((
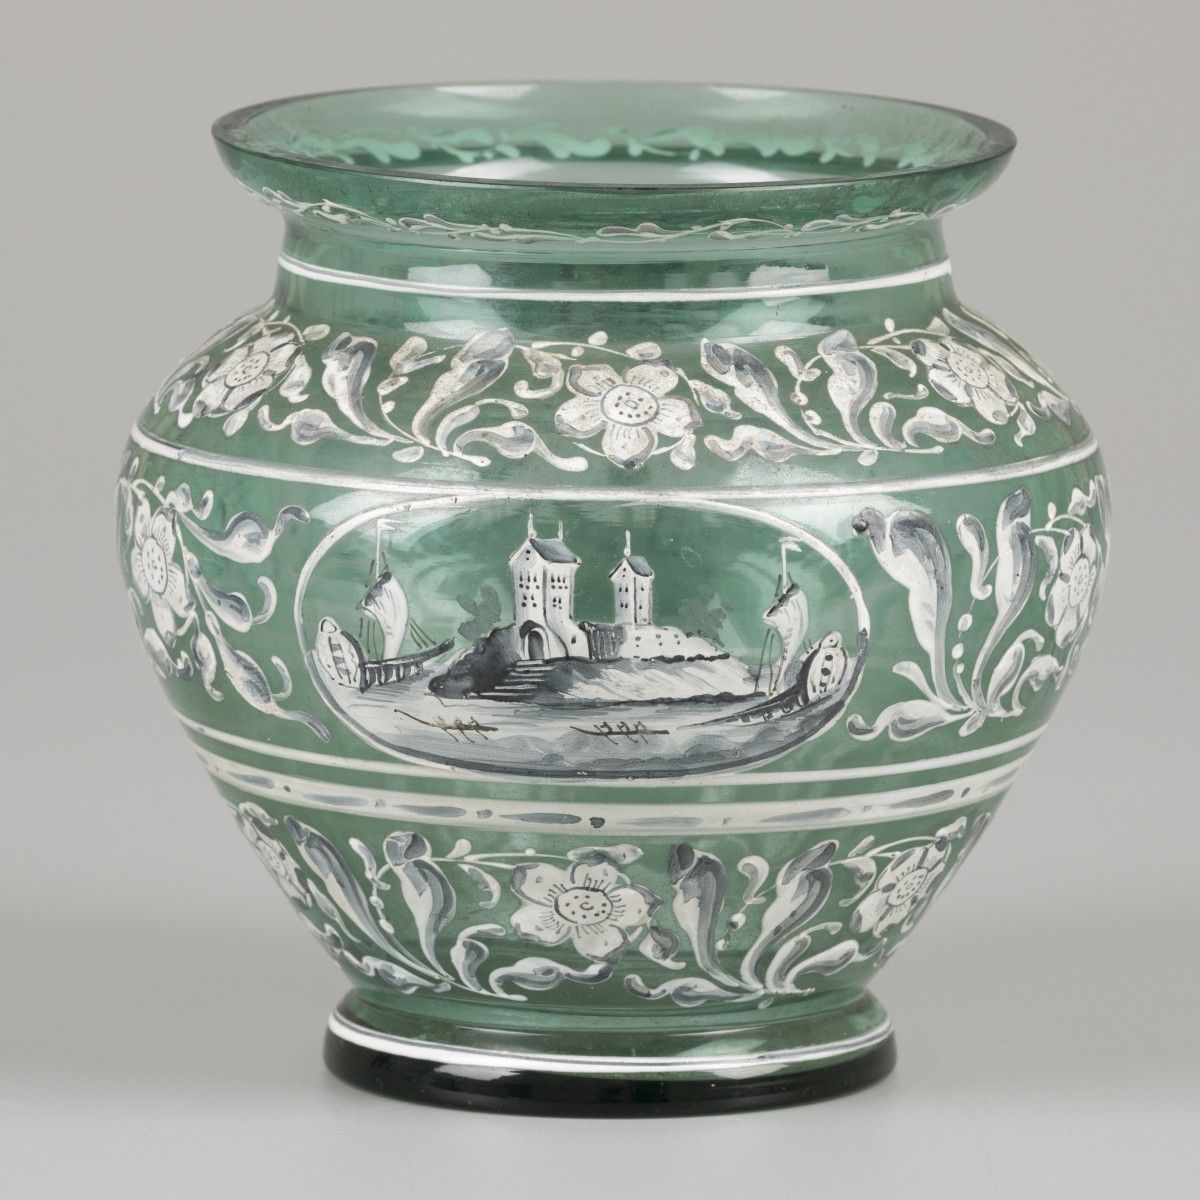 A glass vase with enamelled motif, Italy, 19th century. Handpainted with various&hellip;
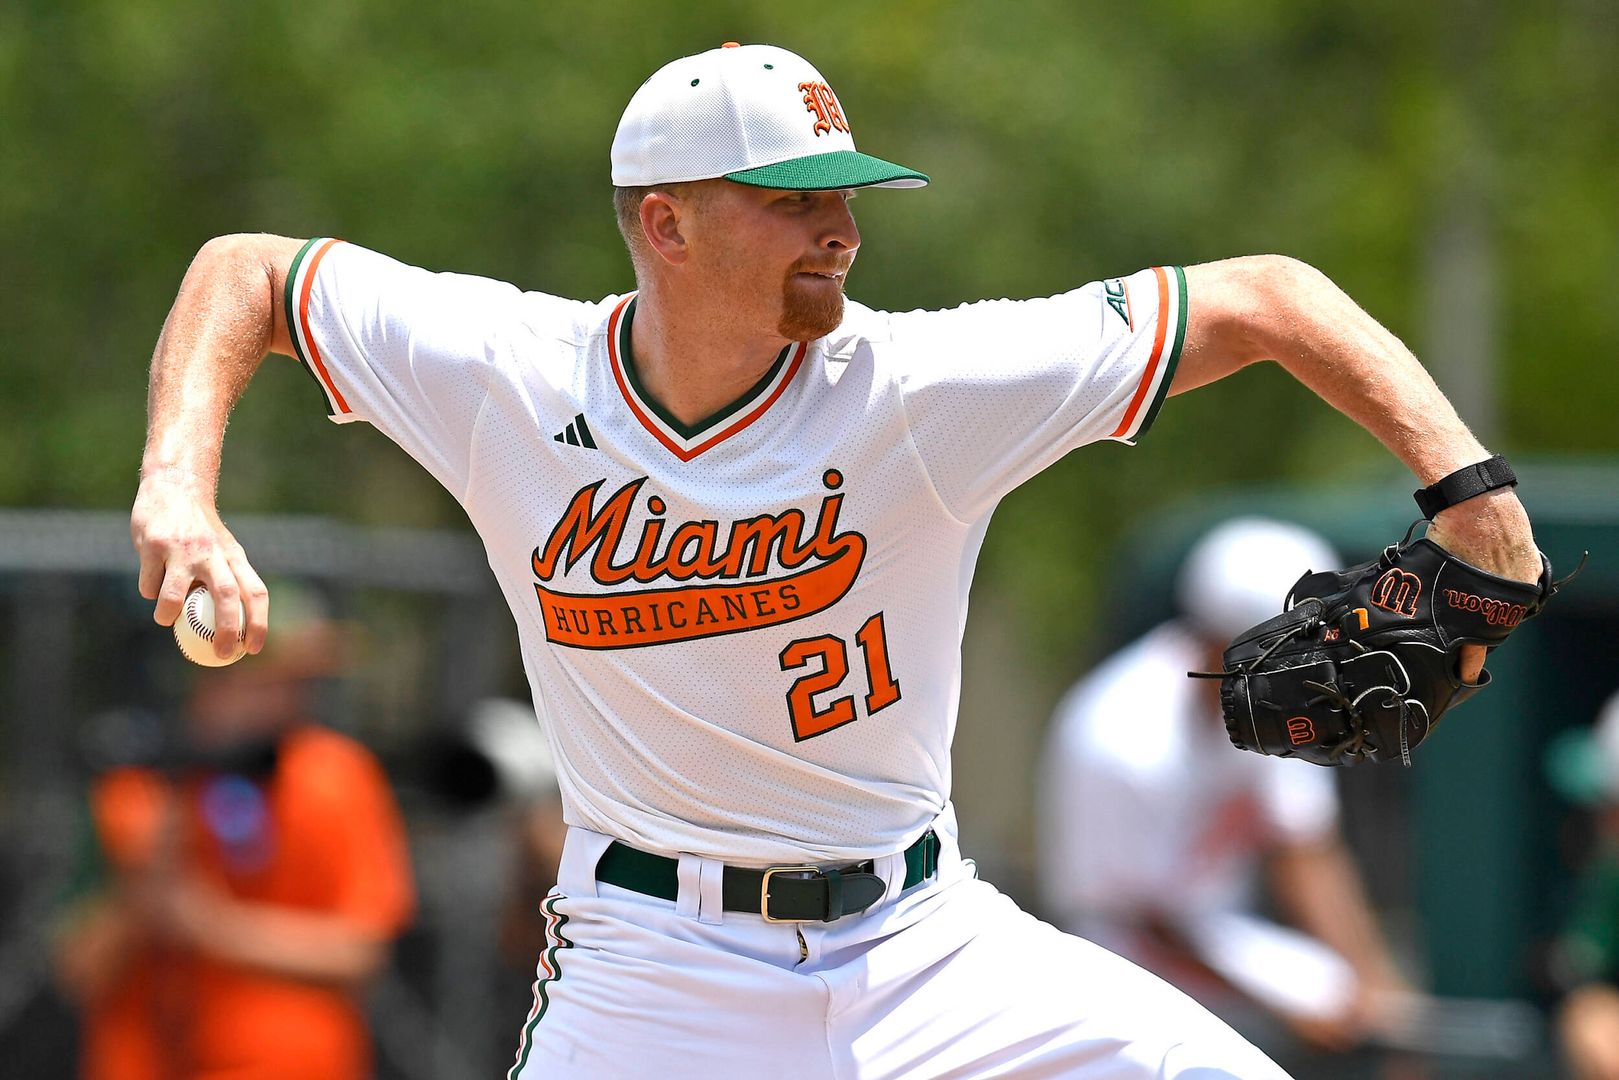 Walters Named to NCBWA Midseason Stopper of the Year Award Watch List
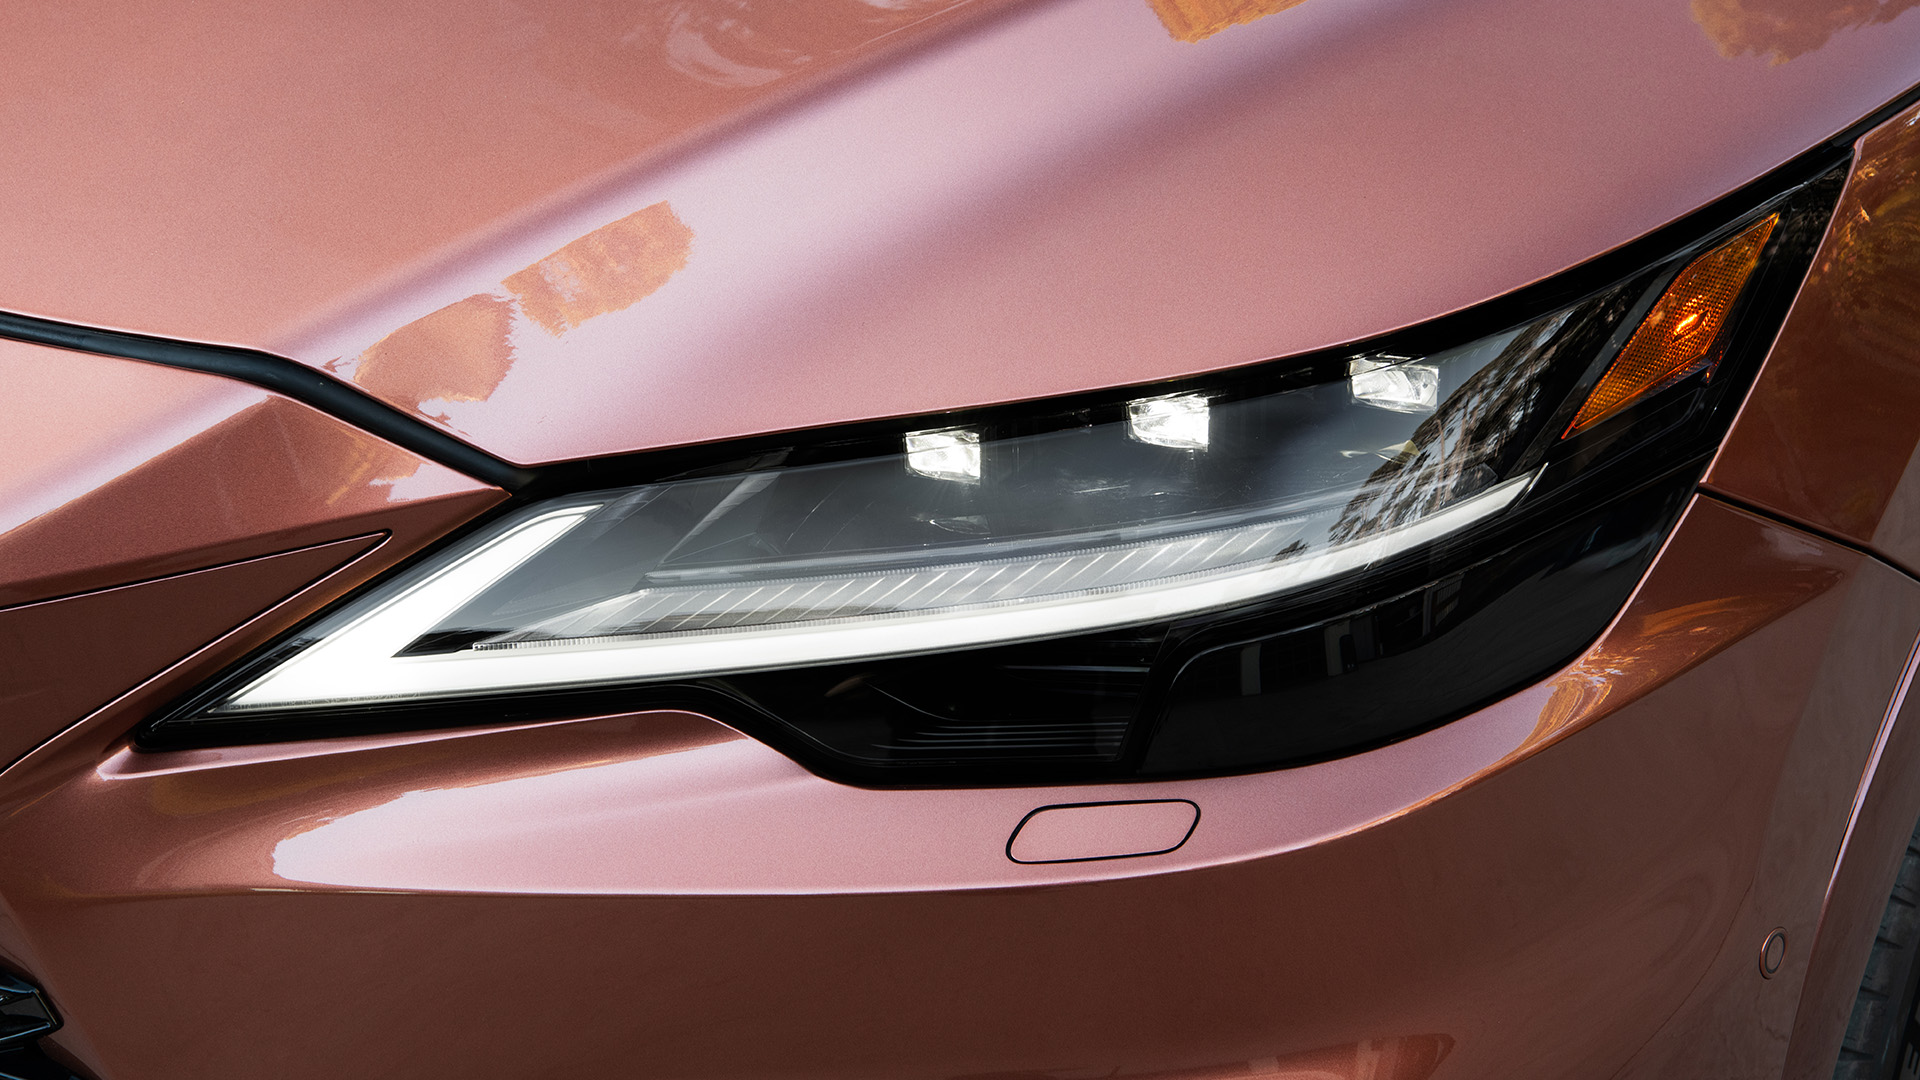 A close up on the headlight of a copper colored RX.
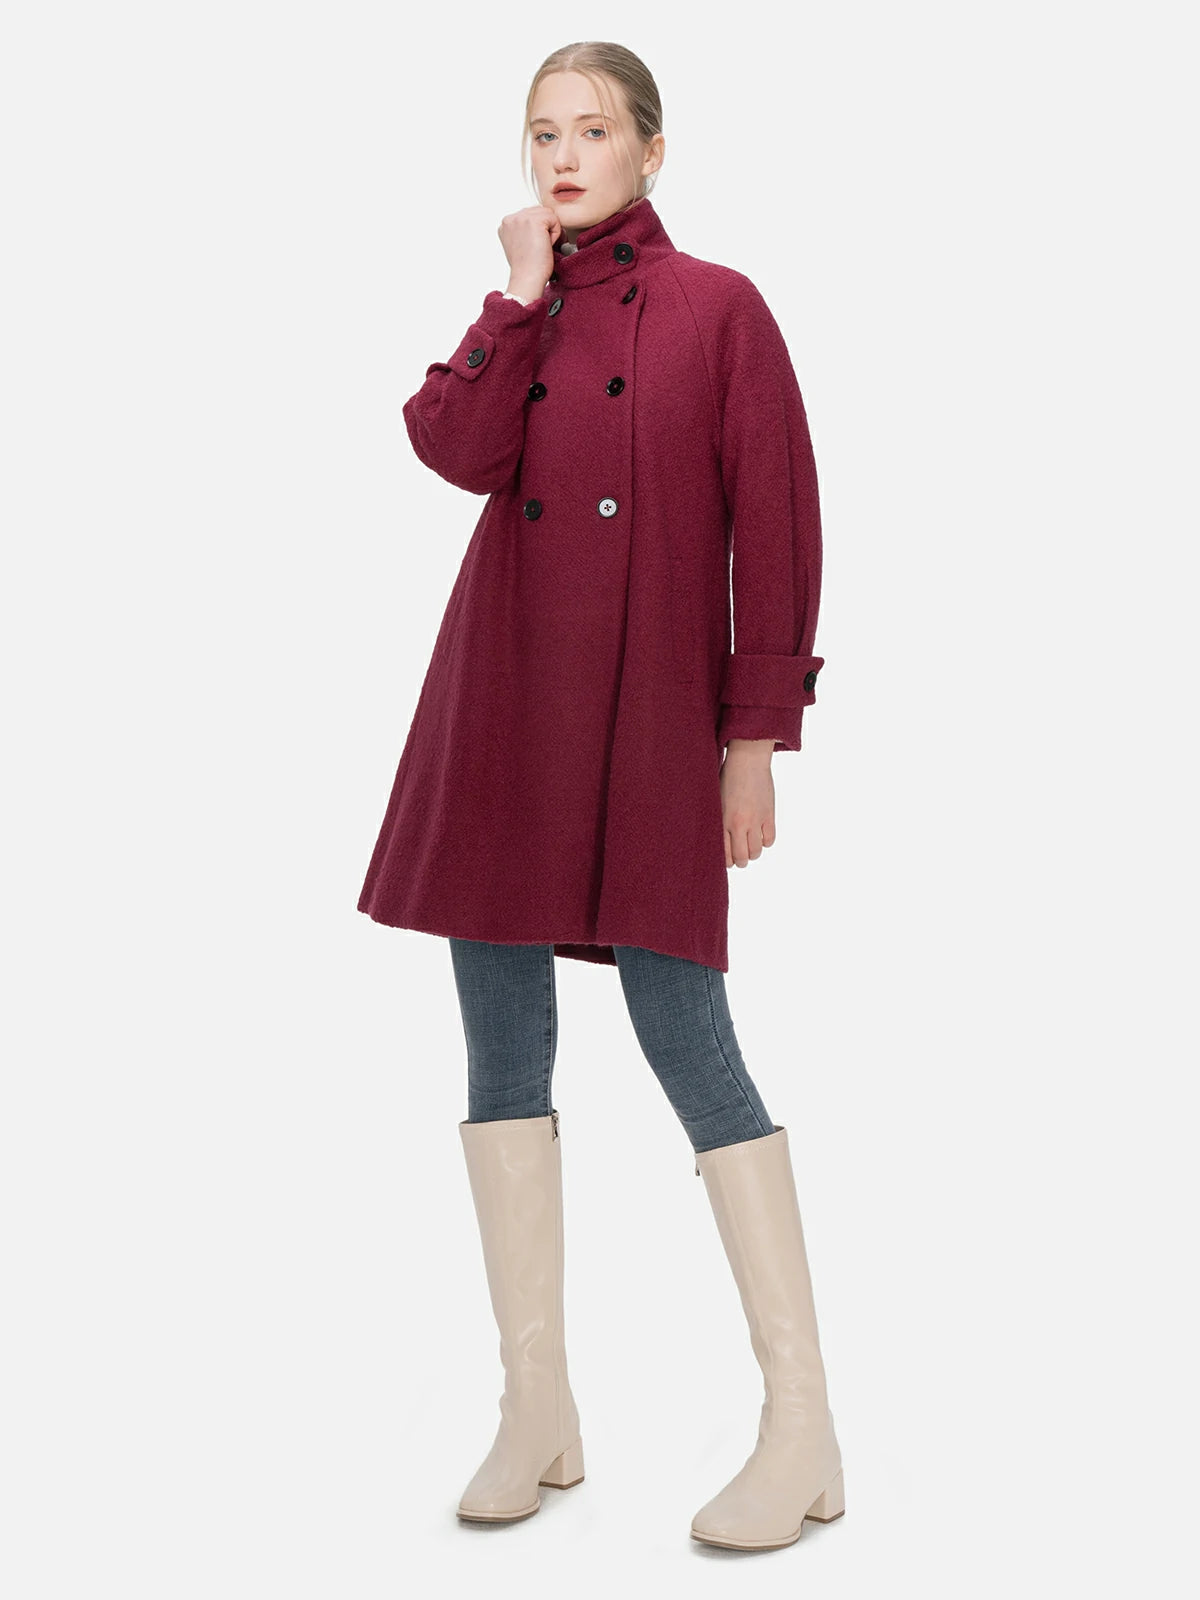 Redefine your outerwear collection with this deep magenta wool coat, showcasing both stand collar and lapel designs, a double-breasted silhouette, and an exquisite fusion of classic and modern style.
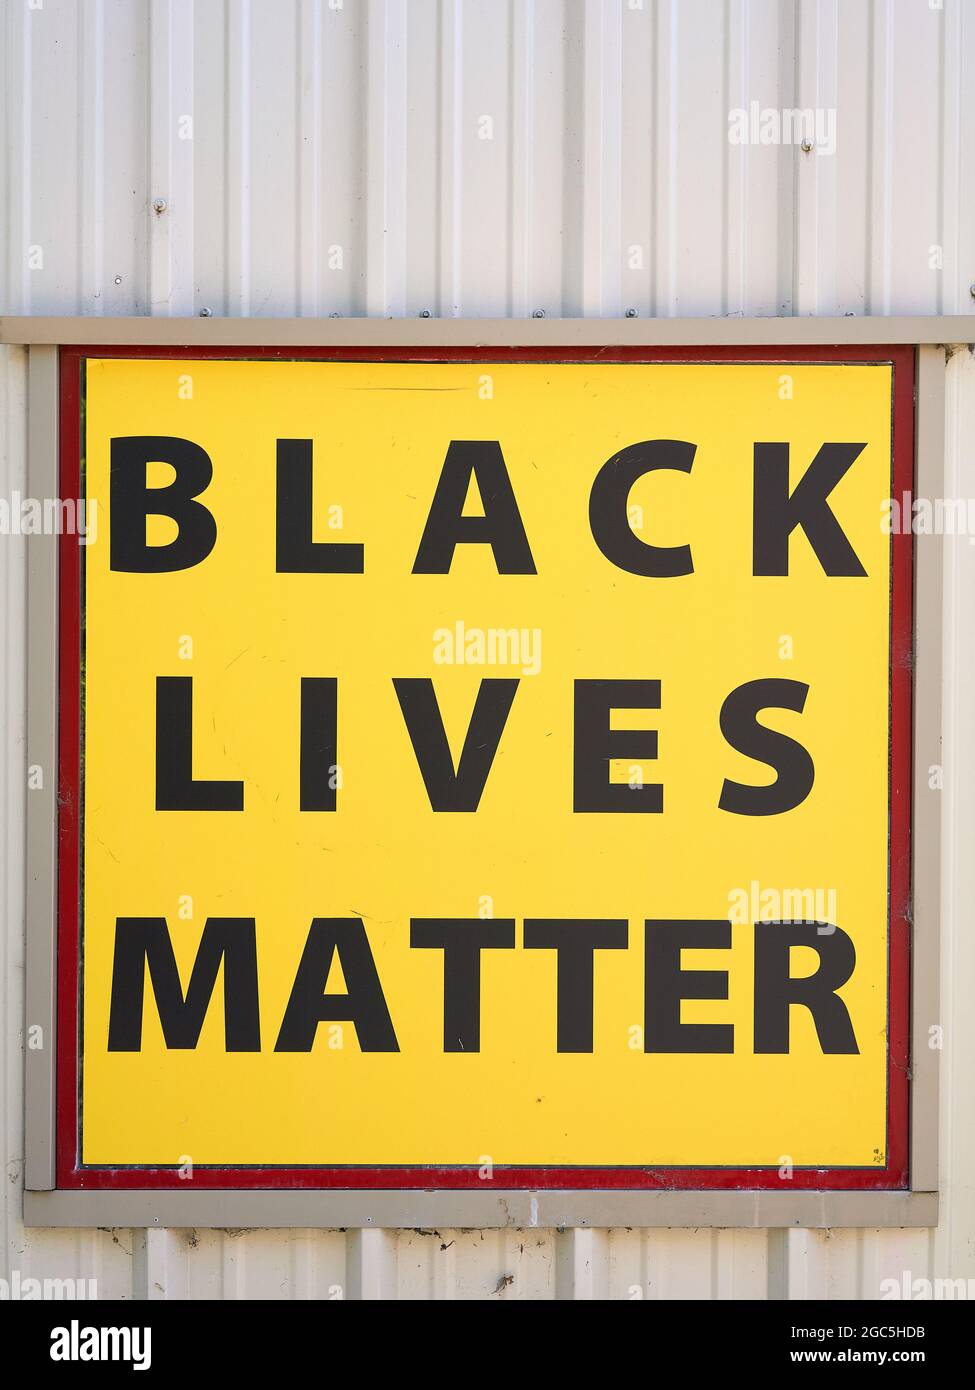 Black Lives Matter sign on yellow background on metal building wall. Stock Photo
))
PROBLEM:
Print exactly the span of lines that begins with the line containing "Walters Named to" and ends with the last line of the listing, with no pictures.

TASK SOLUTION:
 Walters Named to NCBWA Midseason Stopper of the Year Award Watch List
 A close up on the headlight of a copper colored RX.
 Redefine your outerwear collection with this deep magenta wool coat, showcasing both stand collar and lapel designs, a double-breasted silhouette, and an exquisite fusion of classic and modern style.
 Black Lives Matter sign on yellow background on metal building wall. Stock Photo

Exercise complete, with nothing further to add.